En los misterios de la soledad que le interesan a Gutiérrez aparecen estas personas sacadas de otra época y las que tienen una tez tan blanca que parecen muertos. Lo que hay en esa obras es una soledad fantasmal, incluso en una de las paredes de la exhibición se puede ver una serie de pinturas con personas que parecerían tener máscaras como la de El fantasma de la ópera –hay una pintura que directamente muestra a una persona cuya cabeza es una calavera–. Incluso aquellos que no tienen un aspecto cadavérico parecen personas absortas que están viendo muertos o fantasmas o algo que pasa enfrente de sus ojos pero que no pueden tocar.

Niños con juguete, 1965

Esta paradoja que presenta la obra de Gutiérrez –mostrar el encierro antes de que suceda– puede pensarse también como una profecía autocumplida: Emilia escribió su destino en sus pinturas. Se supone que las pinturas hablan del pasado, de la infancia triste y desolada que tuvo la artista, pero reflejan el encierro y el aislamiento en el que vivió durante 30 años, desde que abandonó la pintura y hasta que falleció. No son pinturas de una vida en presente, de un hoy doméstico, ni tampoco de un pasado gris, sino de un futuro desolado y triste. Son crónicas de un encierro que se hizo real en el momento que el color se retiró de la vida de Emilia Gutiérrez. La partida del color, para esta artista, significó la llegada del encierro y la soledad.

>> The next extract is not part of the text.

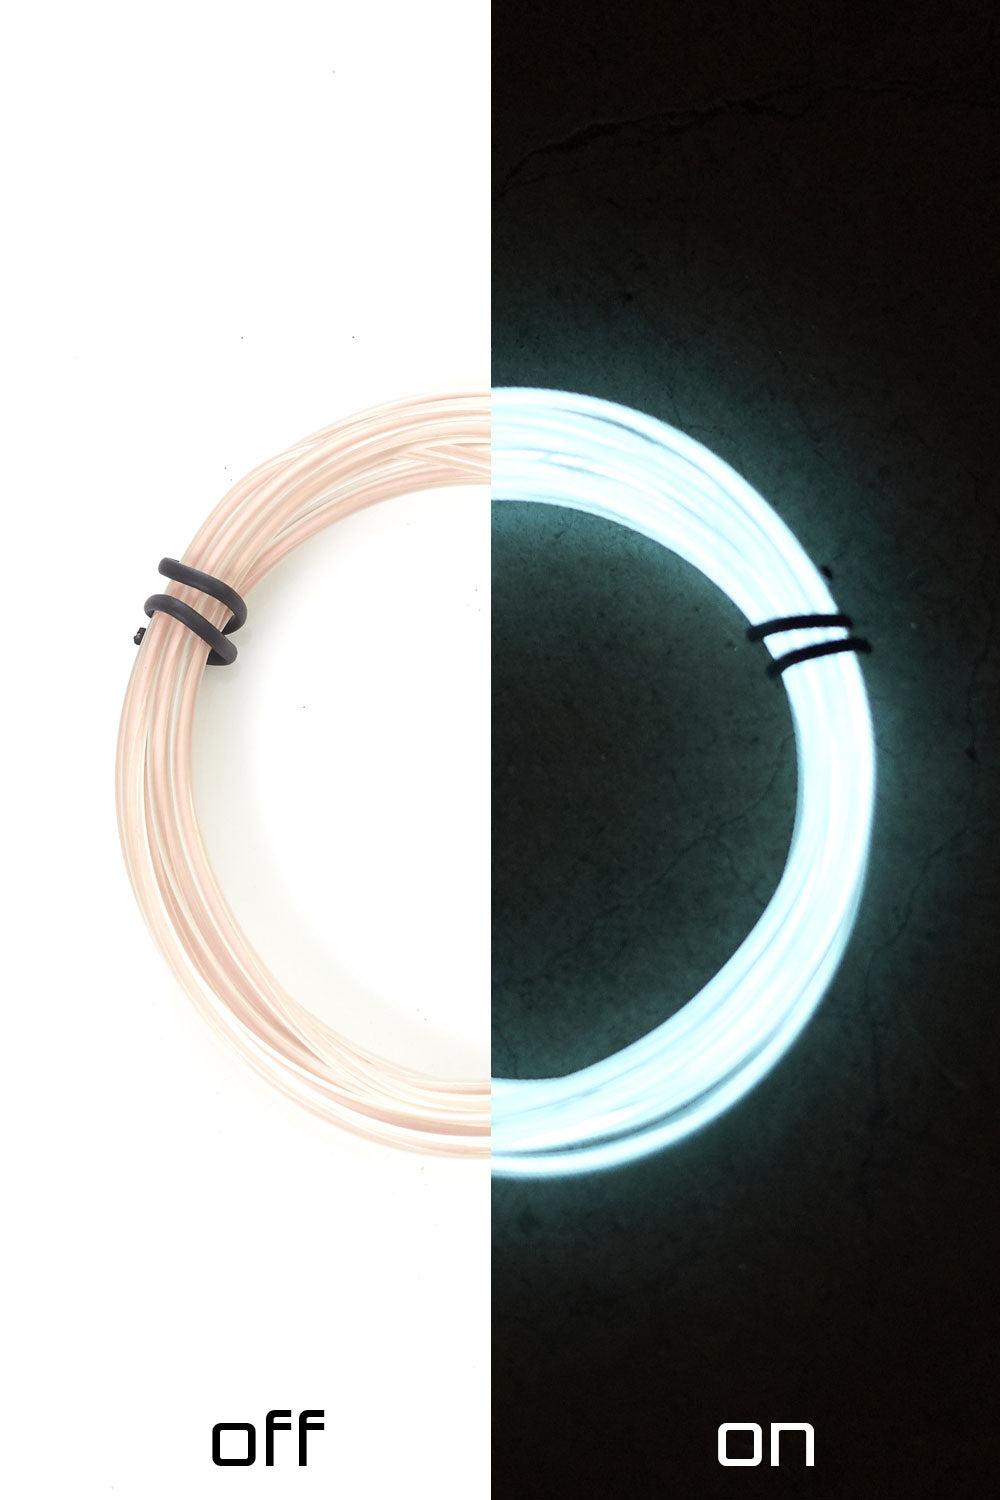 15 Foot Electroluminescent Wire Kit

La curaduría de Rafael Cippolini propone un recorrido por la obra de Emilia Gutiérrez que genera una ilusión temporal. A medida que se recorre esta exhibición, el espectador puede pensar que avanza en la carrera de Emilia, es decir, que al principio se muestran sus obras más tempranas y luego las últimas, las que produce antes del aislamiento. Sin embargo, no todas las obras están fechadas, pero Cippolini logra identificar diferentes momentos de la obra de esta artista.

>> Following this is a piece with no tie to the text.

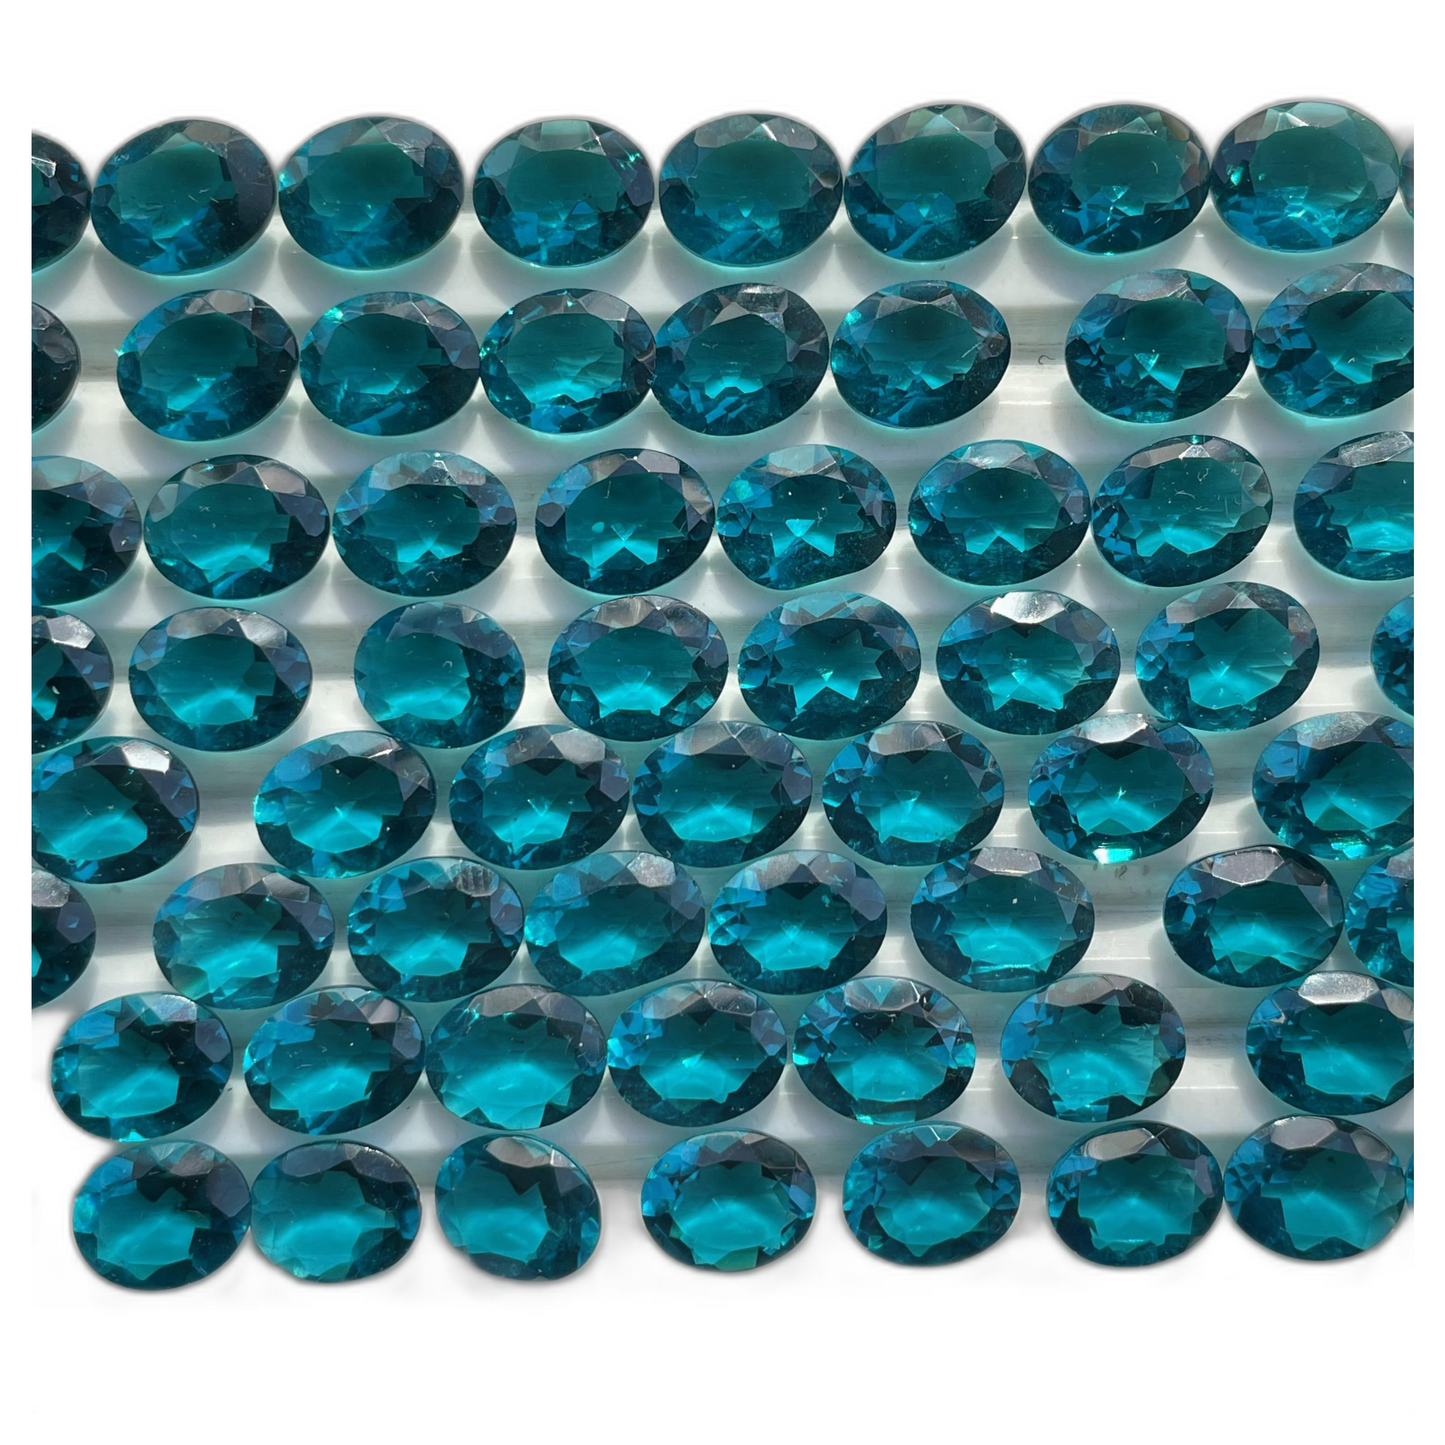 London Blue topaz Faceted Nice Quality (8-10 mm) Oval Shape

En el primer momento aparecen los retratos de escenas familiares y domésticas –en esta primera tanda se incluye la pintura de los niños con el violín de juguete–. Estas pinturas están plagadas de colores oscuros. Hay una paleta repetitiva de verdes y marrones. Hay miradas perdidas, ojos extraviados. La soledad al frente de todo, en la superficie. Si estas imágenes son o no las primeras que Gutiérrez pintó no hay forma de saberlo. De todos modos, no se trata de pensar que este es el principio de su obra, sino más bien un periodo.

El pocillo de café, 1965

Luego, en el segundo momento, la paleta de colores cambia. Y también lo hacen los escenarios. Esas imágenes domésticas pintadas en colores apagados desaparecen. De las pinturas surgen otro tipo de retratos en los que el azul y el rojo toman protagonismo. Incluso aparece una obra que es netamente abstracta. A su vez, los rostros abandonan la figuración realista que tenían hasta entonces –dejando de lado el detalle de las caras de dos colores– para tomar un aspecto aún más extraño: una de las imágenes parecería mostrar una mujer embarazada, pero se trata de una niña saliendo de una bañera.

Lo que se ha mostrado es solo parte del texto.